Ah yes, the options aren't merely "hope the sound is in there or figure out how to make it yourself" -- there are also user communities sharing patches. Kurzweil has Ksetlist, MODX has Soundmondo, and someone's done the sound for that one too... https://soundmondo.yamahasynth.com/voices/49073

So then getting back to this...
Kurzweil PC4-7: $1,800 (a little above my price range)
Yamaha MOXF6: $1,000
Yamaha MODX6: $1,400

I don't mind spending the extra $400 for the MODX6 if it has better sounds, or more of variety of sounds, than the MOXF6.

MODX does have new horn/string/piano/EP/synth sounds besides the ones that are in the MOXF... the set of sample data in the MODX is larger and more flexible in how it's used, plus they added the FM synth. So there's definitely more variety, and there's a good chance you'll find some things you like better. It also comes with a gigabyte of expansion memory for loading additional sample sets (so for example, you can load the EPs from https://www.purgatorycreek.com/index.php/montage-modx/ ). Seamless switching (on sounds consisting of no more than 4 Parts) means that a held/decaying sound won't cut off when you switch to another. Sound editing or assembling combinations is easier on the large color touchscreen. And the aforementioned Soundmondo give you easy access to patches from other users. (Dave would probably want me to point out that the Kurzweil has many of these advantages too!)
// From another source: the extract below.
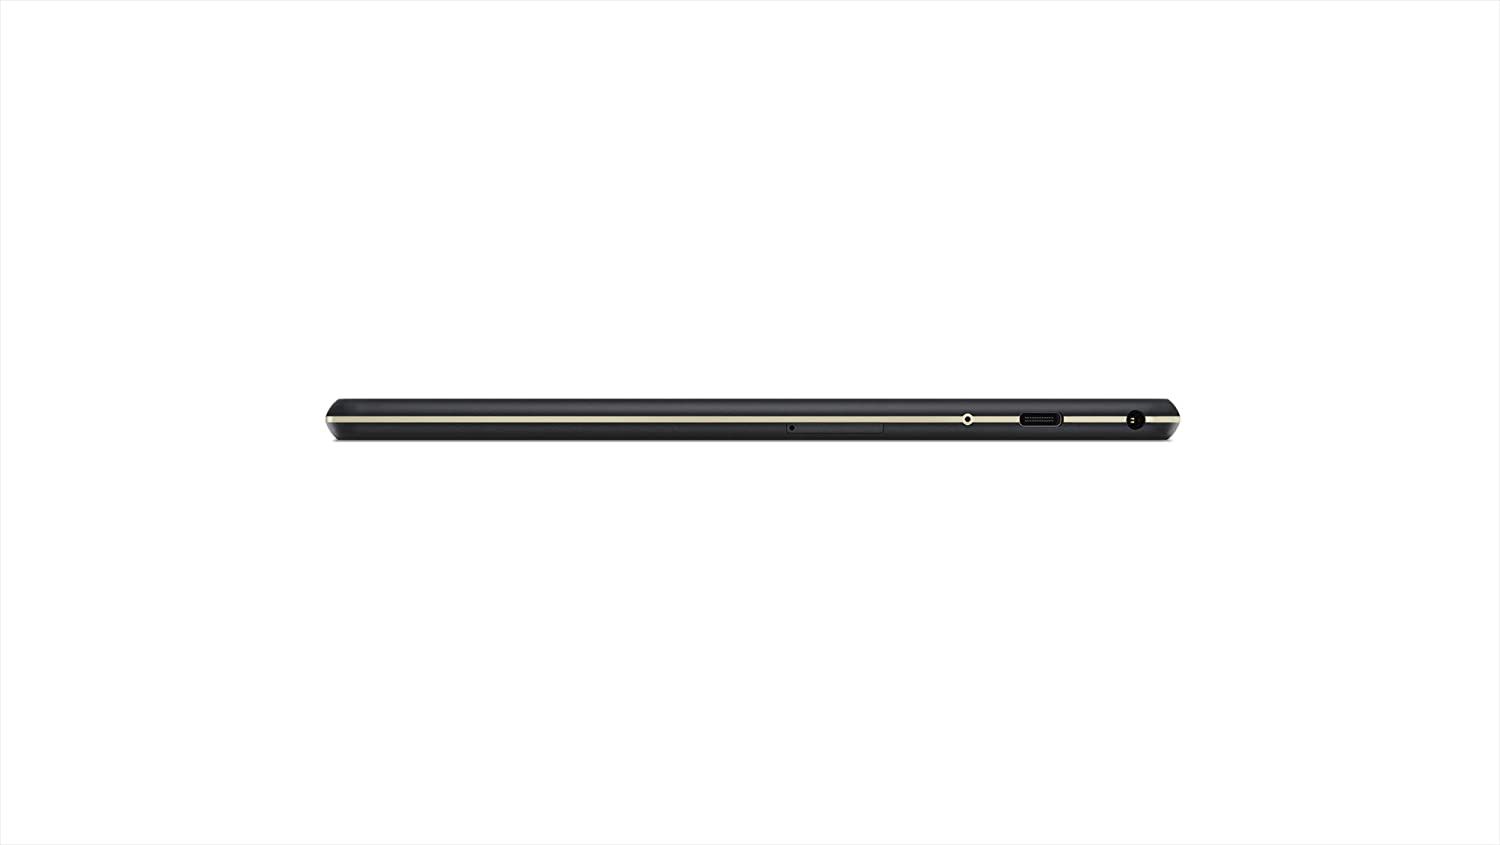 ZA5A0004SE - Tablet Lenovo Tab M10 10.1
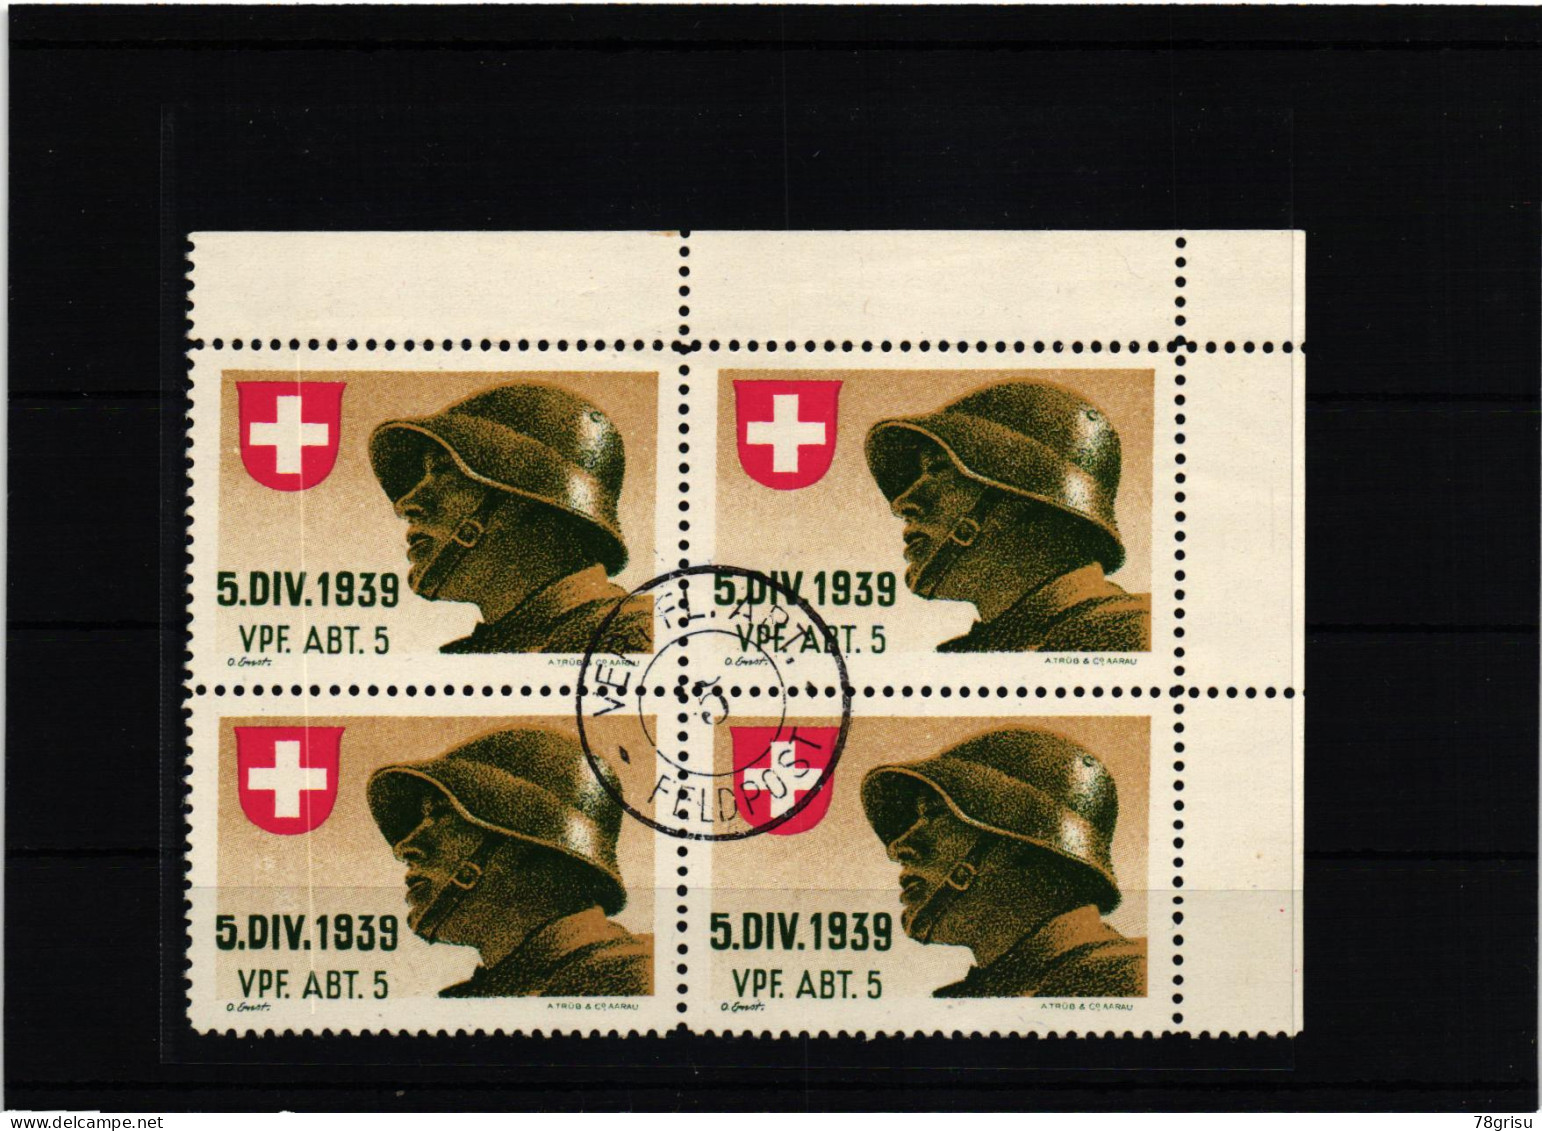 Schweiz Soldatenmarken, Vpf.Abt. Verpflegungs Abteilung 1939 Ges. - Vignetten

As for PC4-7 vs MODX overall, from something I posted elsewhere:

PC4 advantages:
* 4 engines: sample-based, FM, virtual analog, clonewheel organ (MODX has the first two)
* assignable additional outputs
* aftertouch
* better (though arguably a bit more complicated) implementation of seamless switching
* more flexible MIDI implementation
* full sequencer
* more polyphony
* more controller support (ribbon, 4 foot switches, though no superknob)
* hard button patch recall (though touchscreen also has advantages)
* full 16 zone/part support (MODX supports 16 internal Parts but only 8 can be assigned to the internal keys, and it supports only 8 external parts)
* double the User sample memory (can actually load a larger version of the Puragtory Creek EPs I mentioned above)

MODX advantages:
* touchscreen (also, screen is bigger)
* built-in USB computer interface
* endless encoders
* their various "motion control" related enhancements, which I admit I've pretty much ignored, it doesn't seem to apply to anything I do, but there is an overview at https://usa.yamaha.com/products/musi.../features.html - I assume some of these are beyond what the PC4 can do, though I don't really know.

...though not all of those things are necessarily meaningful to you. Which one is sonically ahead specifically for horns, strings, piano, EPs, and synth, I couldn't say for sure. I doubt you'd be disappointed with either.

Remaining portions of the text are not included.